Work task
Repeat exactly, and only, the lines below starting at the line that contains "n_04 1960 Buick" and ending at the line that contains "MEDIUM Men’s Urban", inclusive of both.

[Dataset items]
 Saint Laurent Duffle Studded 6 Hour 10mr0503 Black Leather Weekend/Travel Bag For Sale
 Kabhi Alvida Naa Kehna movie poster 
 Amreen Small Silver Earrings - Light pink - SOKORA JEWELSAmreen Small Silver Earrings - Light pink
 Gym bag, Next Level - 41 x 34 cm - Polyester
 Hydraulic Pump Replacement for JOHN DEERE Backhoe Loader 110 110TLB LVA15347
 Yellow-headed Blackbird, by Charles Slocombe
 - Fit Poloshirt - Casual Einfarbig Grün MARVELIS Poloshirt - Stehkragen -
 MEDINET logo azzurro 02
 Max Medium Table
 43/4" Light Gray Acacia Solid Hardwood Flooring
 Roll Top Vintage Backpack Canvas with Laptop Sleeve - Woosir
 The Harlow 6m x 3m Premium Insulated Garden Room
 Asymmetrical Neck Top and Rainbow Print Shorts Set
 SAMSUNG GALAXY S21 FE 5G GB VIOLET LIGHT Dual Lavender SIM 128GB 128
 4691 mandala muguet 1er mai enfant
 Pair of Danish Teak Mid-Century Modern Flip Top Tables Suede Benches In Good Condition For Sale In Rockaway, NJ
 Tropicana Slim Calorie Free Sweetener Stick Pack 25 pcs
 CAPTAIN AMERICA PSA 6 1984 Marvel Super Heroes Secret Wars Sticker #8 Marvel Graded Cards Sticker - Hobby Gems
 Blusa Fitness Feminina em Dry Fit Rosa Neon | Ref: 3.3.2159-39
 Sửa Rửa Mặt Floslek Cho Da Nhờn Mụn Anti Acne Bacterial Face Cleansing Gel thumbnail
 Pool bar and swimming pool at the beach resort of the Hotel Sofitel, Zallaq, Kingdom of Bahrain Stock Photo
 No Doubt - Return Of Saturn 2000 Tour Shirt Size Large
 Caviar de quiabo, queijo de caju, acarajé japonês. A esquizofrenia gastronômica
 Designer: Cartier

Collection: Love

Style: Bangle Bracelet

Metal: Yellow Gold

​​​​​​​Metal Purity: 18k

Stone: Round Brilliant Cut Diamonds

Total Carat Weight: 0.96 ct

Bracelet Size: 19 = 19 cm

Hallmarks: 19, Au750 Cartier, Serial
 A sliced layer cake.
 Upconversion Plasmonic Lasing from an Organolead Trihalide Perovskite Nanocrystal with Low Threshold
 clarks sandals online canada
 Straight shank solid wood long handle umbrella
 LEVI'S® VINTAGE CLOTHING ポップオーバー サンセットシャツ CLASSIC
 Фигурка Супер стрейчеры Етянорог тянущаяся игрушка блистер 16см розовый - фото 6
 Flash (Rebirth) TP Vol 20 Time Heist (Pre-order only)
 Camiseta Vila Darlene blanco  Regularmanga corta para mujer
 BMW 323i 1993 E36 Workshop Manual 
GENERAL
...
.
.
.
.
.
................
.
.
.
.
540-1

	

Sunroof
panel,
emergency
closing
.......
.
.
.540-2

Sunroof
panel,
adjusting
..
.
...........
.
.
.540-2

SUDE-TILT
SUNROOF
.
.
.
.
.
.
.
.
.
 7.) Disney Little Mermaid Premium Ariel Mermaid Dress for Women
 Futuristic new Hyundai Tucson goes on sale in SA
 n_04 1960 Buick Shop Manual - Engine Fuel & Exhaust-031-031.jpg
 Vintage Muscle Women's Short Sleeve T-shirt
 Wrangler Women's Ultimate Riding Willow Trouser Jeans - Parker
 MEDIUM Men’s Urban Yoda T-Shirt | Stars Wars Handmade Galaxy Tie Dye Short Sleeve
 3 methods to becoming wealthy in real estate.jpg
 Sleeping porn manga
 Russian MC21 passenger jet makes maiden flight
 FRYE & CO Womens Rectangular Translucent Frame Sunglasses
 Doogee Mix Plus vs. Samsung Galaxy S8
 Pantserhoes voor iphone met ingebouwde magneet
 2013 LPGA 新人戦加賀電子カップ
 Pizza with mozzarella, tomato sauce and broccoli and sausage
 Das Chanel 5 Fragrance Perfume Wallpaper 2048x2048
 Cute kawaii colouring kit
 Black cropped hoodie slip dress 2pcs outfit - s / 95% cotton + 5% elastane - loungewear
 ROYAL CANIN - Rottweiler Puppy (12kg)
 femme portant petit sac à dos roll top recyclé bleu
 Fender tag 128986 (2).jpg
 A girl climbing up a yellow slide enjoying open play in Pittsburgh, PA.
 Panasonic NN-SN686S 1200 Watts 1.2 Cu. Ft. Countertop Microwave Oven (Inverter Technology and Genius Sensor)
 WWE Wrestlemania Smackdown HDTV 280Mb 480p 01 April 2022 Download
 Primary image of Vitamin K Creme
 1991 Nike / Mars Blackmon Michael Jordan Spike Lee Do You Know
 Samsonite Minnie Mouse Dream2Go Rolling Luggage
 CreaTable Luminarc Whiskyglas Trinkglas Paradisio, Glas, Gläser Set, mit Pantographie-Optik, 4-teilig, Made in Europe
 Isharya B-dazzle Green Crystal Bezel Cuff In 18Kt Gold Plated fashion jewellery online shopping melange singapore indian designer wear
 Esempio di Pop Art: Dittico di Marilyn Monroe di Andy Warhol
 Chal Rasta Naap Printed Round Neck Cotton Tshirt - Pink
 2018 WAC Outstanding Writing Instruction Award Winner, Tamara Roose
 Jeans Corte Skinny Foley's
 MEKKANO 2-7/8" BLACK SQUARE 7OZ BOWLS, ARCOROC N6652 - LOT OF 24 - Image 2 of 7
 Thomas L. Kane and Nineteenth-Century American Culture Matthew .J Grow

Output of the task
 n_04 1960 Buick Shop Manual - Engine Fuel & Exhaust-031-031.jpg
 Vintage Muscle Women's Short Sleeve T-shirt
 Wrangler Women's Ultimate Riding Willow Trouser Jeans - Parker
 MEDIUM Men’s Urban Yoda T-Shirt | Stars Wars Handmade Galaxy Tie Dye Short Sleeve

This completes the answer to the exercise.